Without self-consciousness, Xerxes mounted the now entirely conscious girl. As Mardonius and I watched the two figures in the lamp’s glow, they did indeed seem to be the first man and first woman on earth. I must confess that there
is
something very odd about Babylon and its ancient ways.
When Xerxes was finished, he dried himself with the linen sheet, and we helped him to dress. Then, impressively, Xerxes raised the ax of Bel-Marduk. But before he could speak, the girl smiled and said in perfect Persian, “Farewell, Xerxes, son of Darius the Achaemenid.”
Xerxes almost dropped the ax. The quick-witted Mardonius said, in the Babylonian tongue, “This is Bel-Marduk, girl. And I am the sun god Shamash. And there stands the moon god ...”

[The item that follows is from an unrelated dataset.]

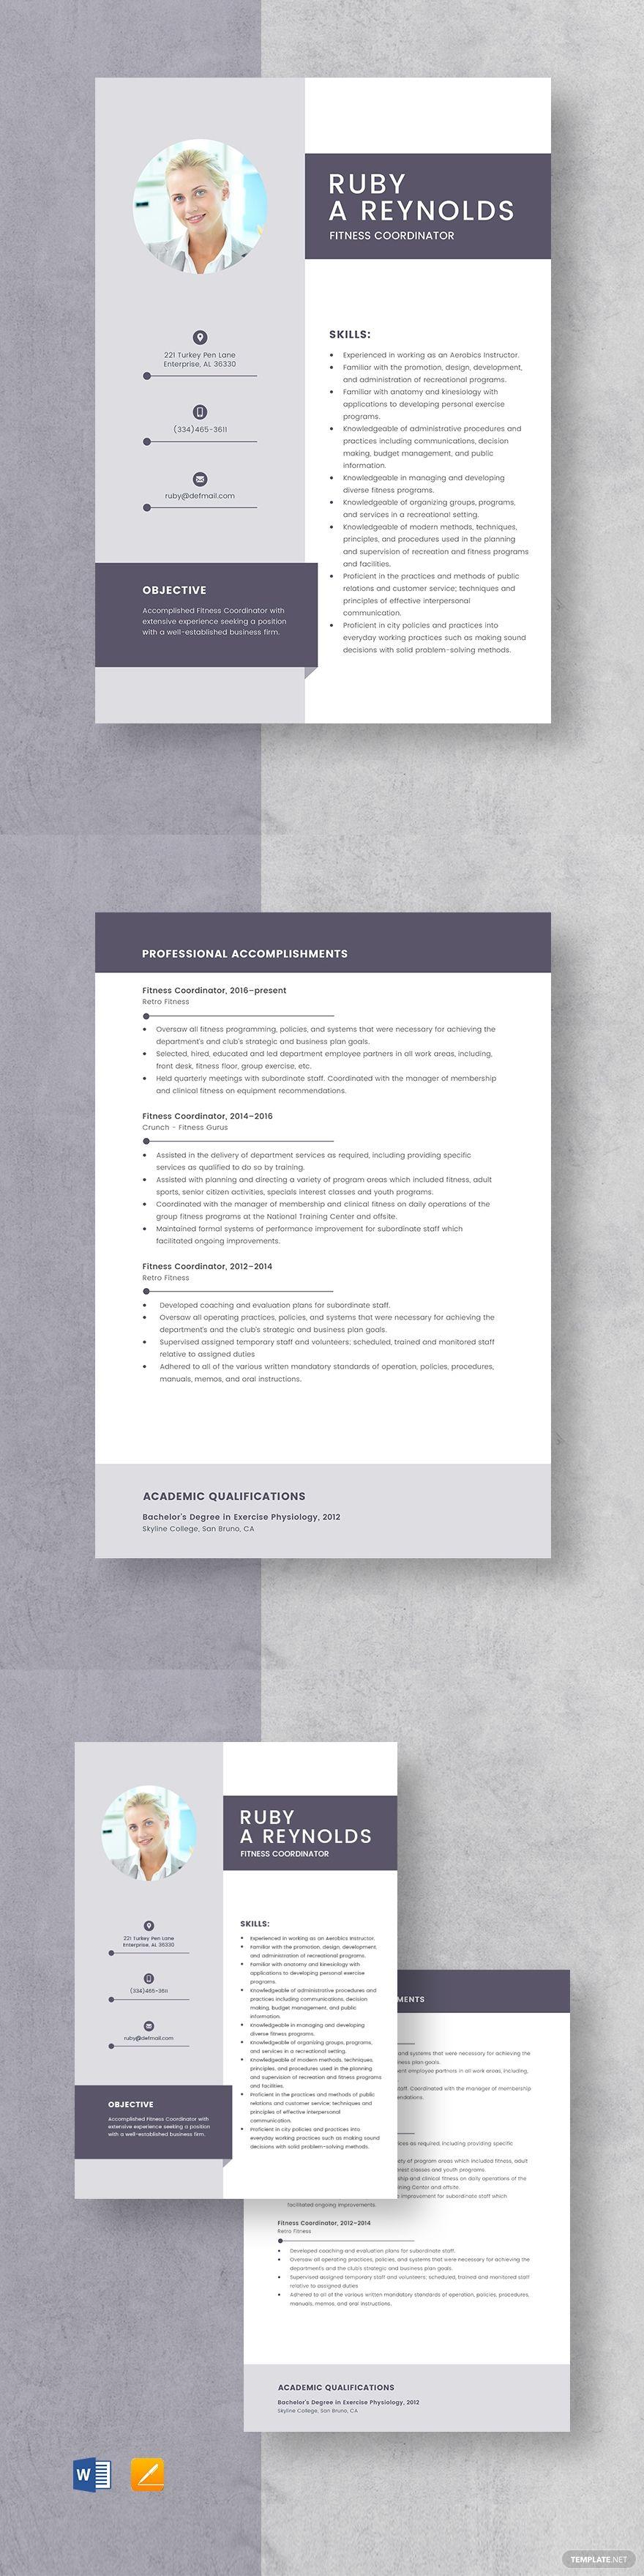 Fitness Coordinator Resume Template #AD, , #AFFILIATE, #Coordinator, #Fitness, #Template, #Resume

“I know who all of you are.” She was astonishingly self-possessed for thirteen years of age. “I’m Persian, too. Or half-Persian. I’ve seen you at Susa, Lord Prince. You too, Mardonius. And Cyrus Spitama.”
“Did the priests tell you who we were?” Xerxes was grim.
The girl sat up in bed. “No,” she said. She was quite unawed. “My mother is a priestess of Ishtar, and this is her year to select the girls for the shrine. Today she told me that it was now my turn to be taken by Bel-Marduk, and so I was. It was simply a coincidence.”